PROBLEM DETAILS:
Return all of the data exactly, omitting any images.

SUPPLIED INFORMATION:
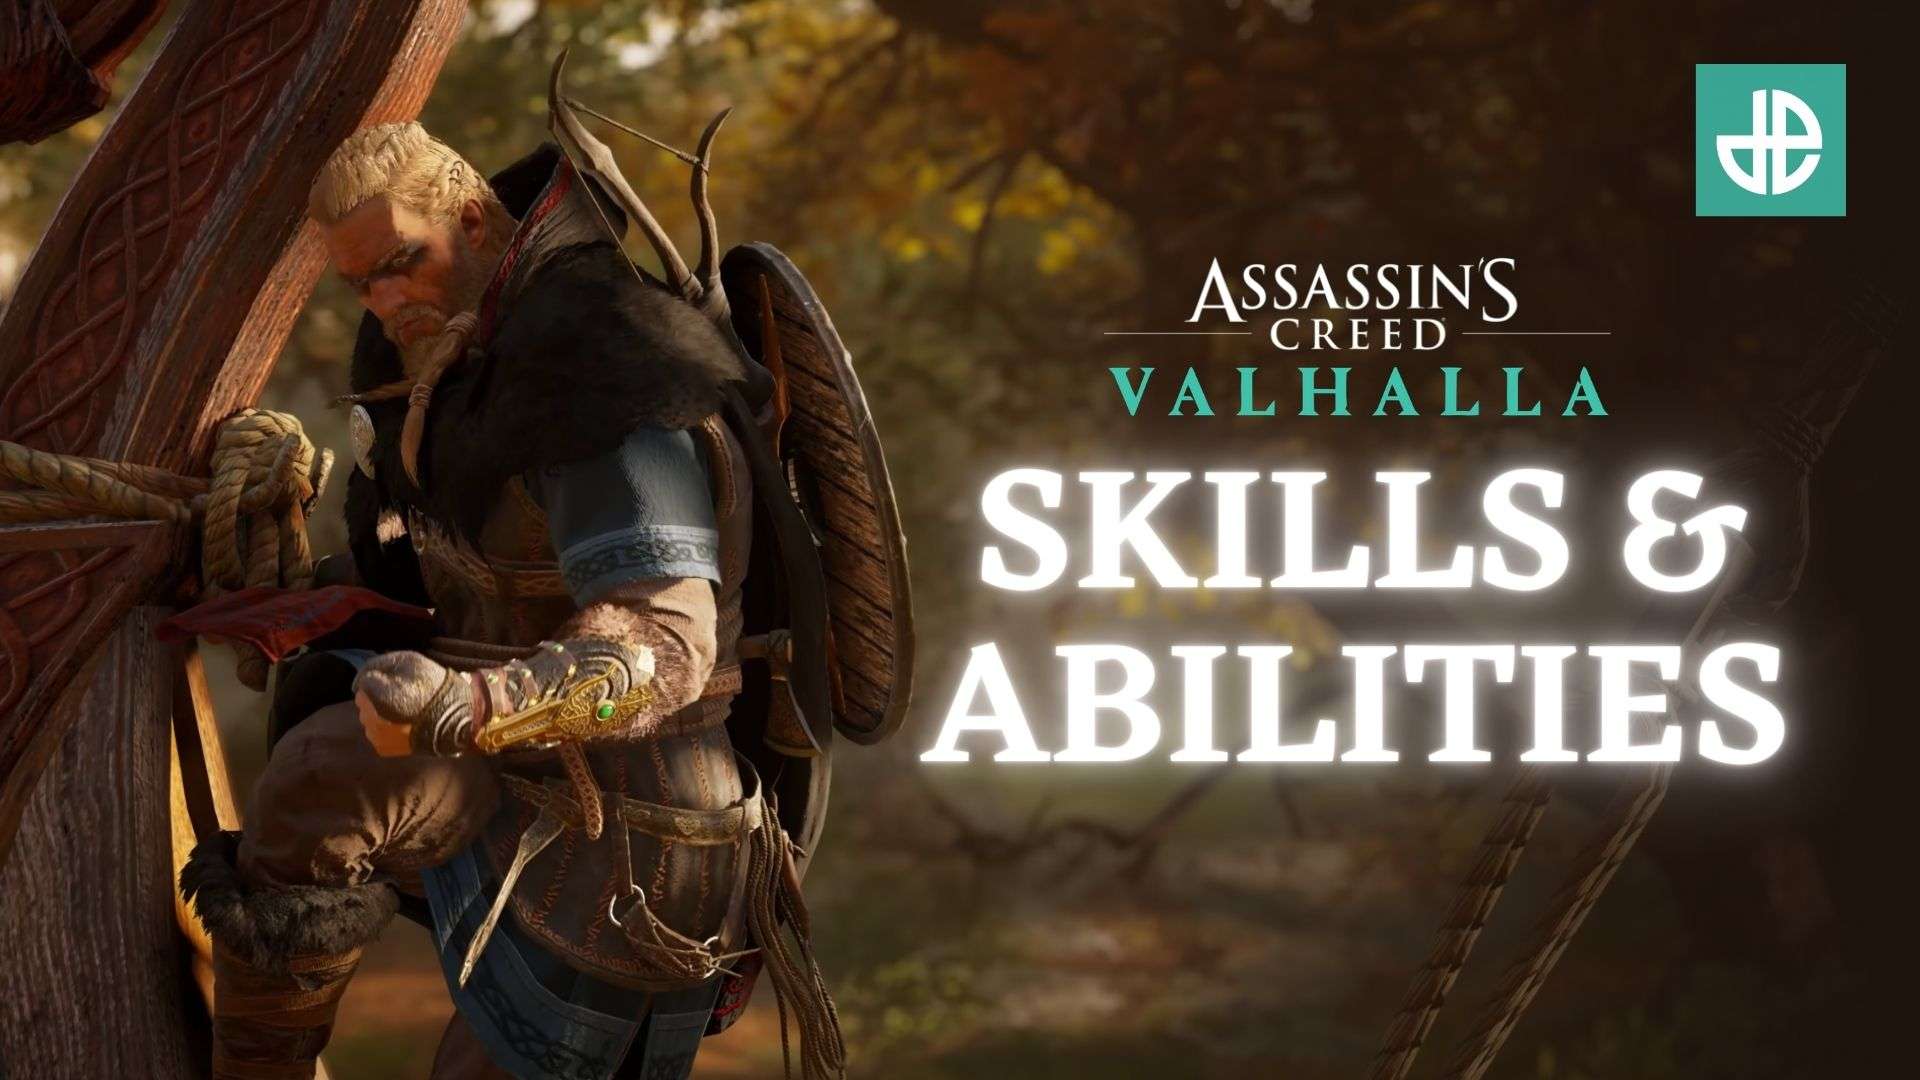 Eivor climbing in Assassin's Creed Valhalla
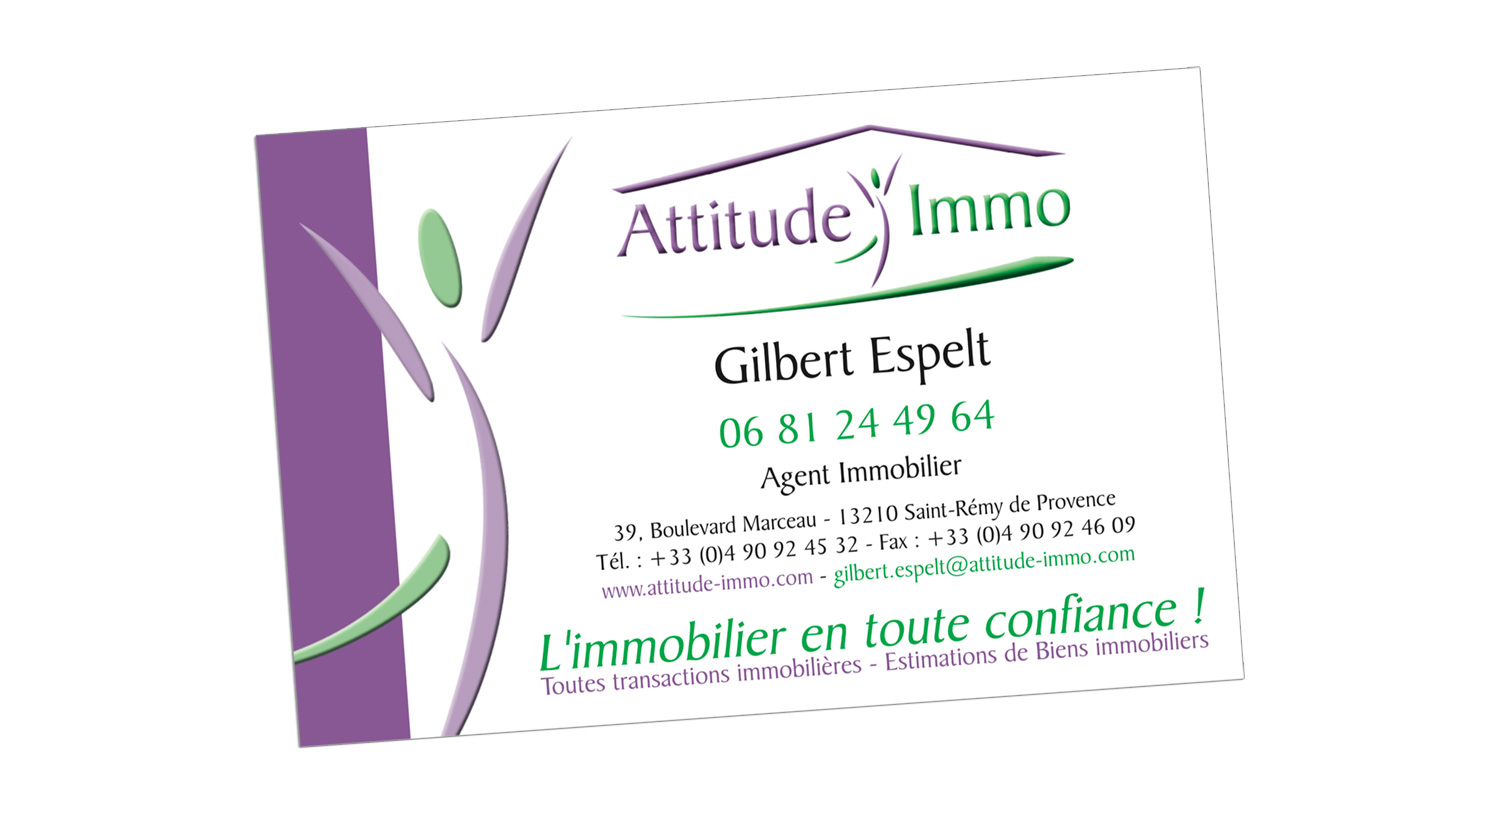 Cartes de visite Attitude Immo - Saint-Rémy de Provence
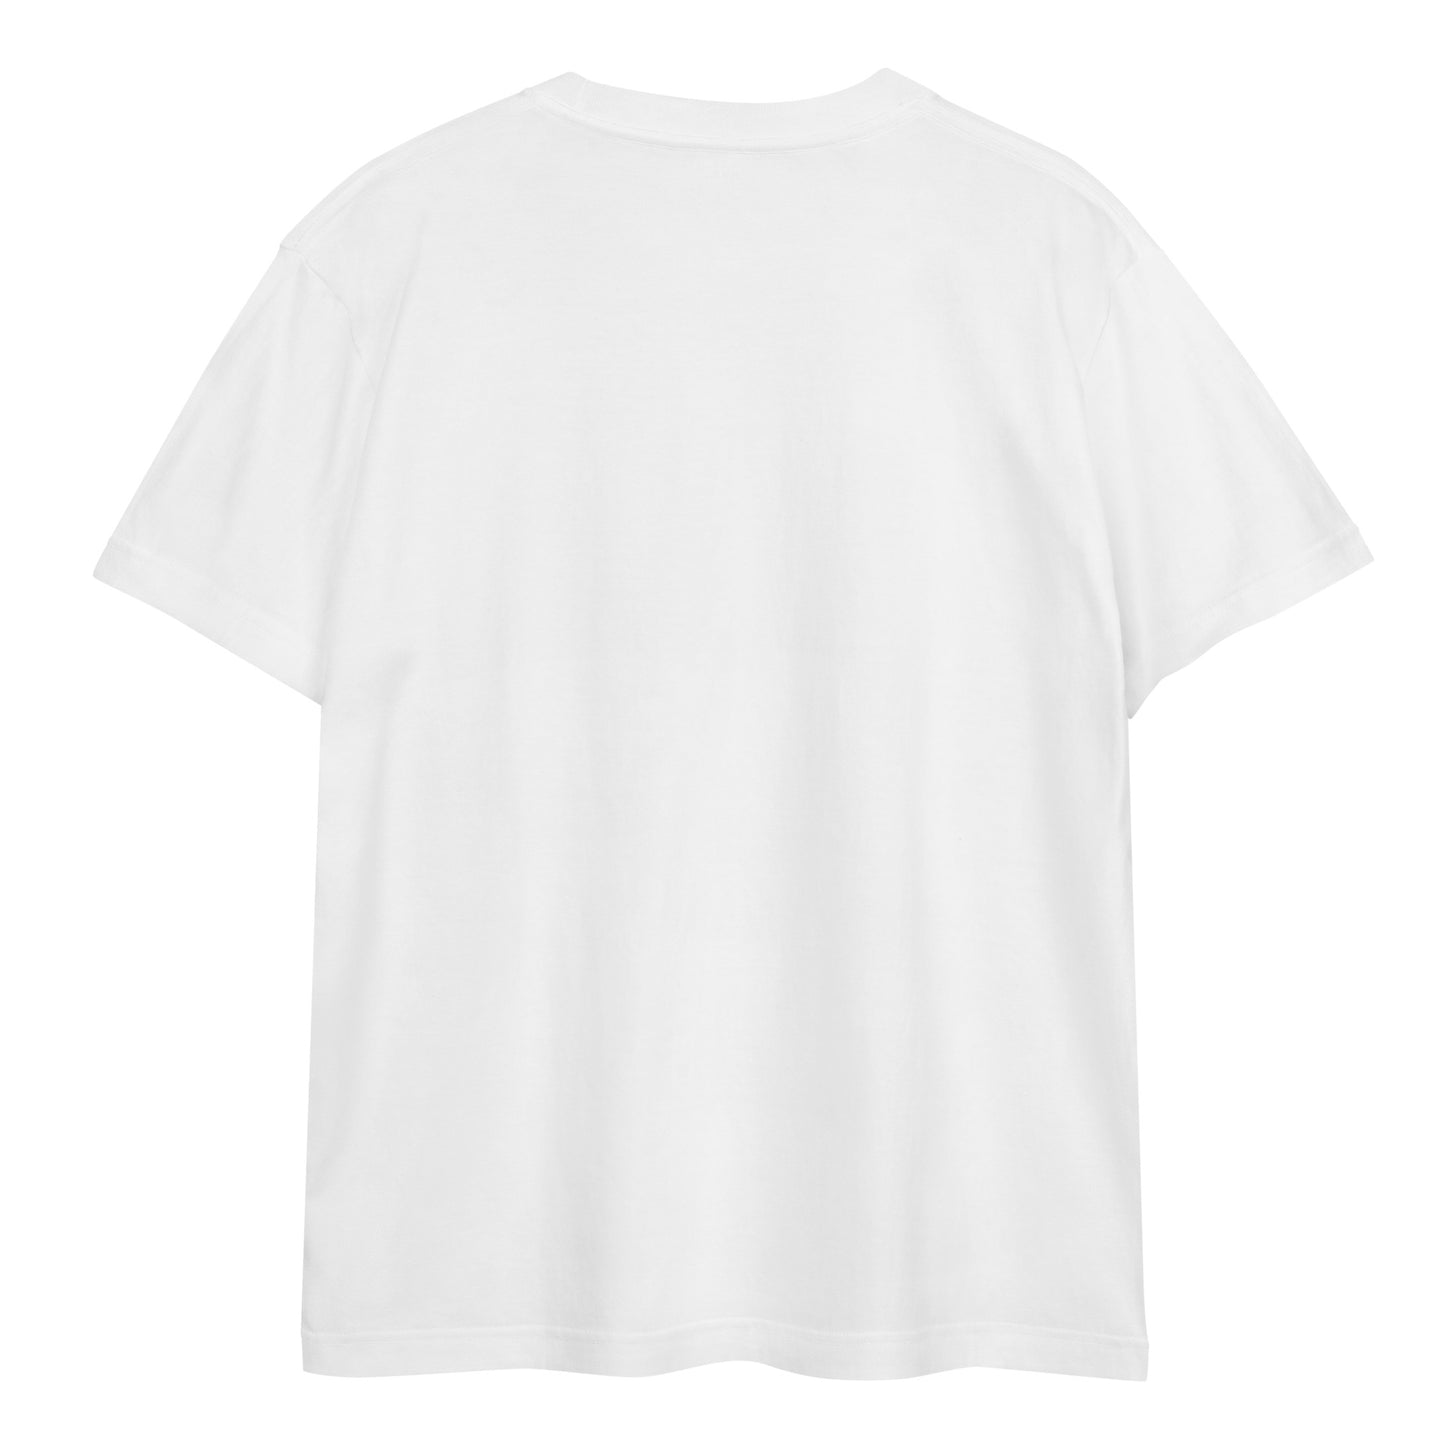 KAMOS FACE  T-shirt| BLACK/WHITE

RESULT OF THE EXERCISE:
 Eivor climbing in Assassin's Creed Valhalla
 Cartes de visite Attitude Immo - Saint-Rémy de Provence
 KAMOS FACE  T-shirt| BLACK/WHITE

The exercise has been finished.